**Information supplied:**

----

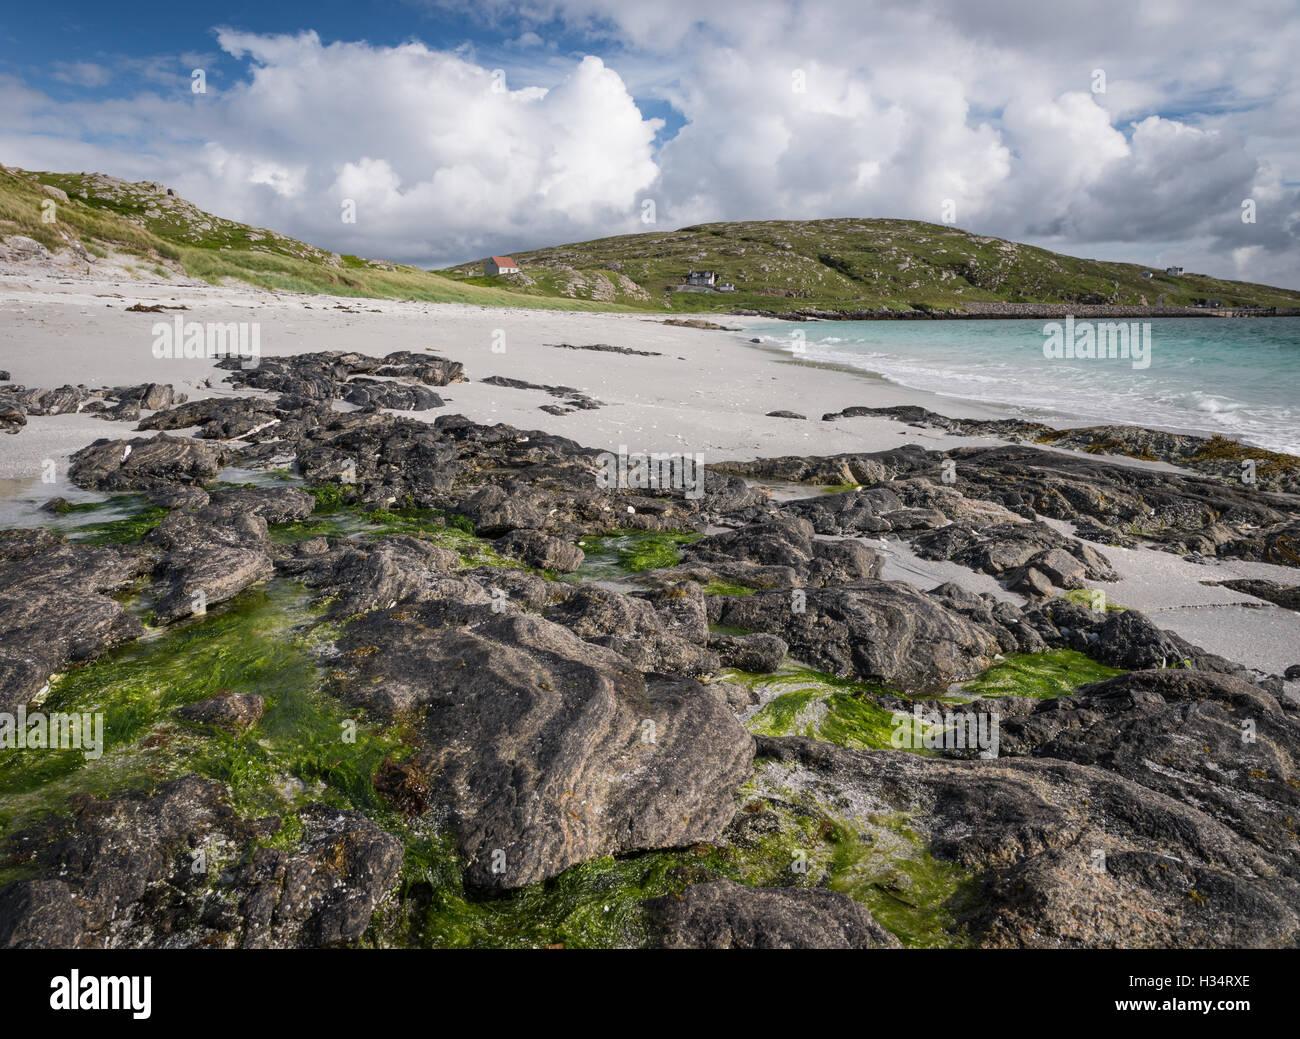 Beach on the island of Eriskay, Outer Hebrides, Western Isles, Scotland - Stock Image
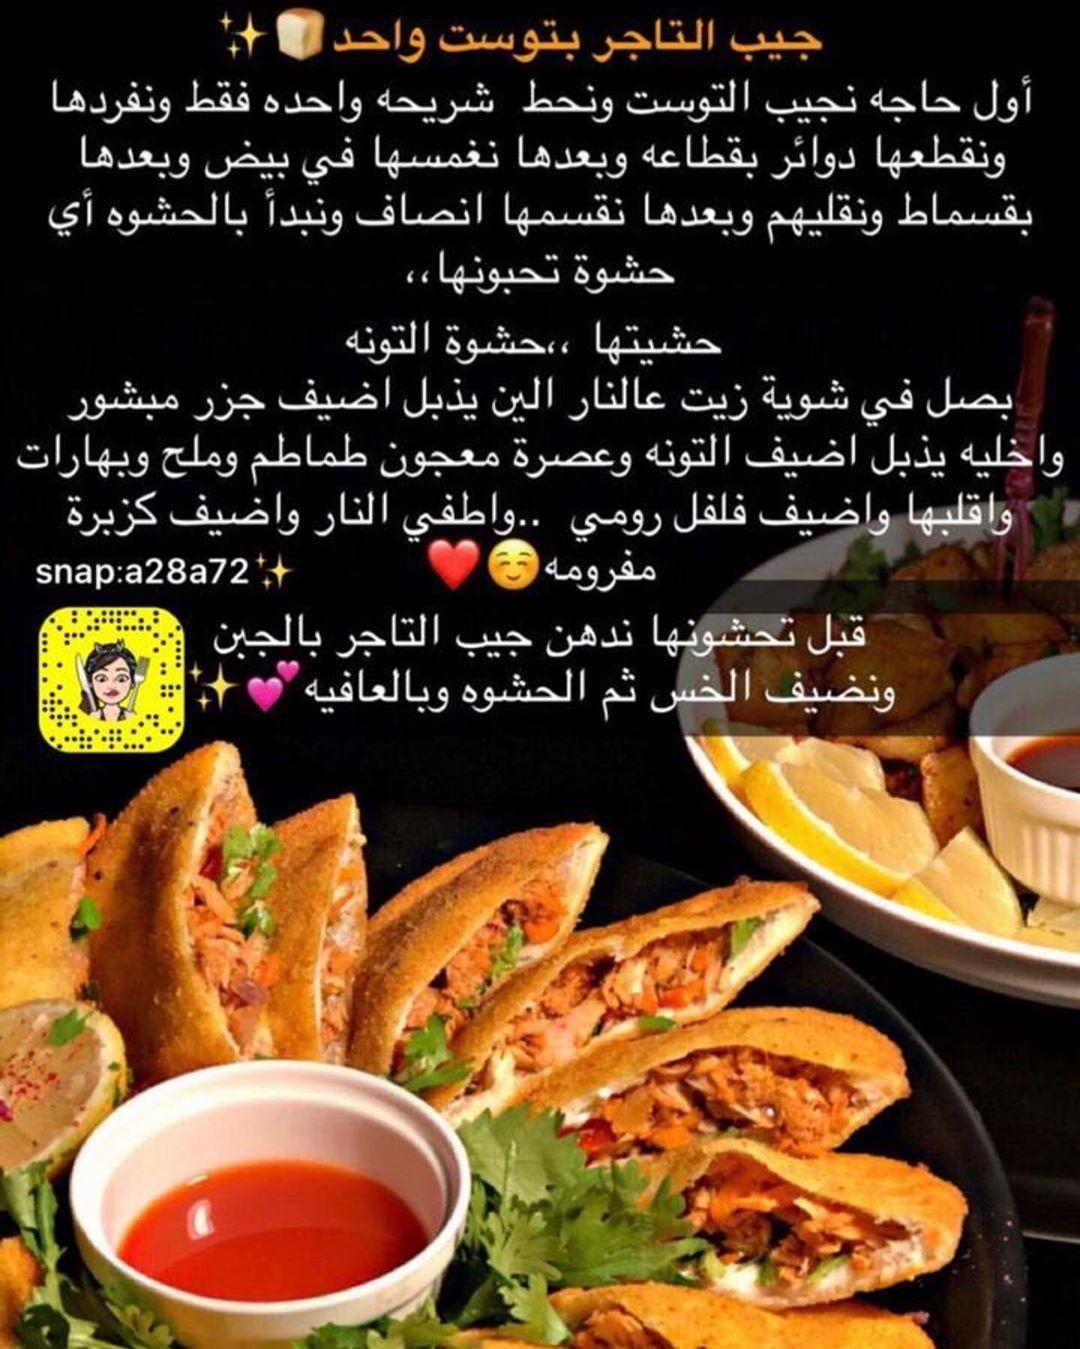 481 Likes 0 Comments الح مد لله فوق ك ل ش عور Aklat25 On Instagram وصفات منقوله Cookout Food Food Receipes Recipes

----

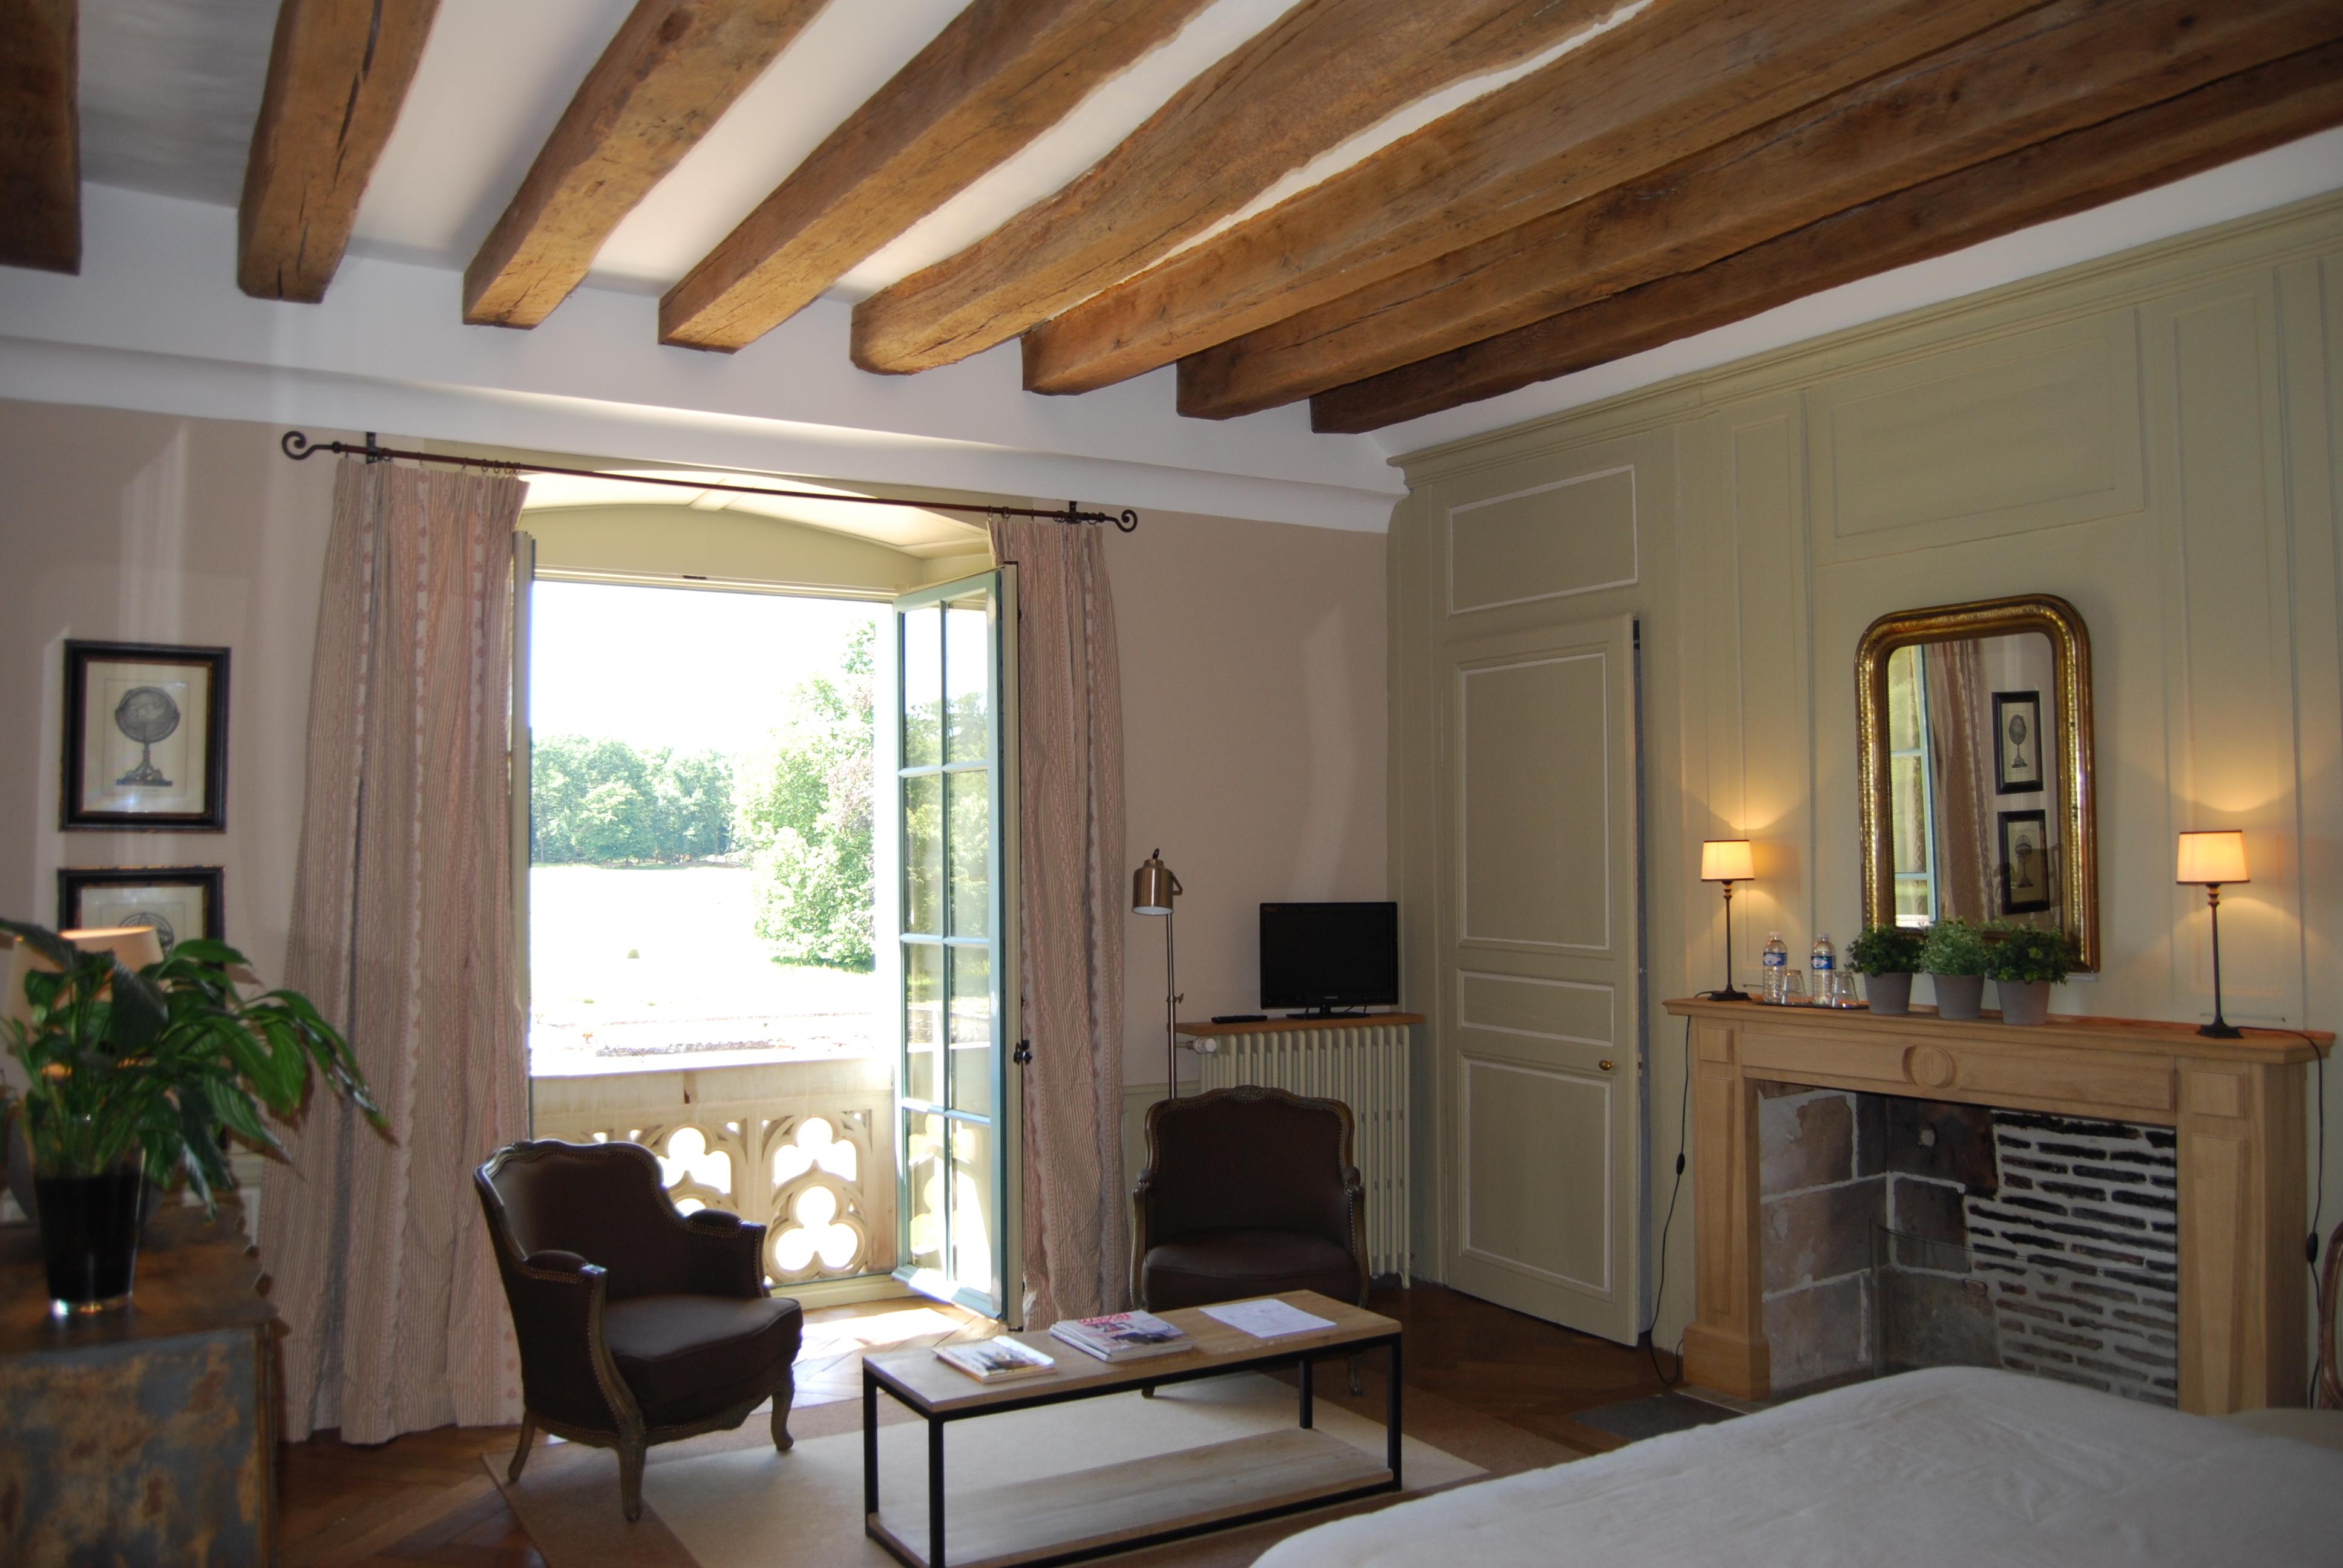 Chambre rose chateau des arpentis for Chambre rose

----

**Aim of the task:** Would you please reproduce the entries above, starting at the line with "Beach on the" and stopping after the line with "481 Likes 0"? Omit any pictures.

**Written response:**
 Beach on the island of Eriskay, Outer Hebrides, Western Isles, Scotland - Stock Image
 481 Likes 0 Comments الح مد لله فوق ك ل ش عور Aklat25 On Instagram وصفات منقوله Cookout Food Food Receipes Recipes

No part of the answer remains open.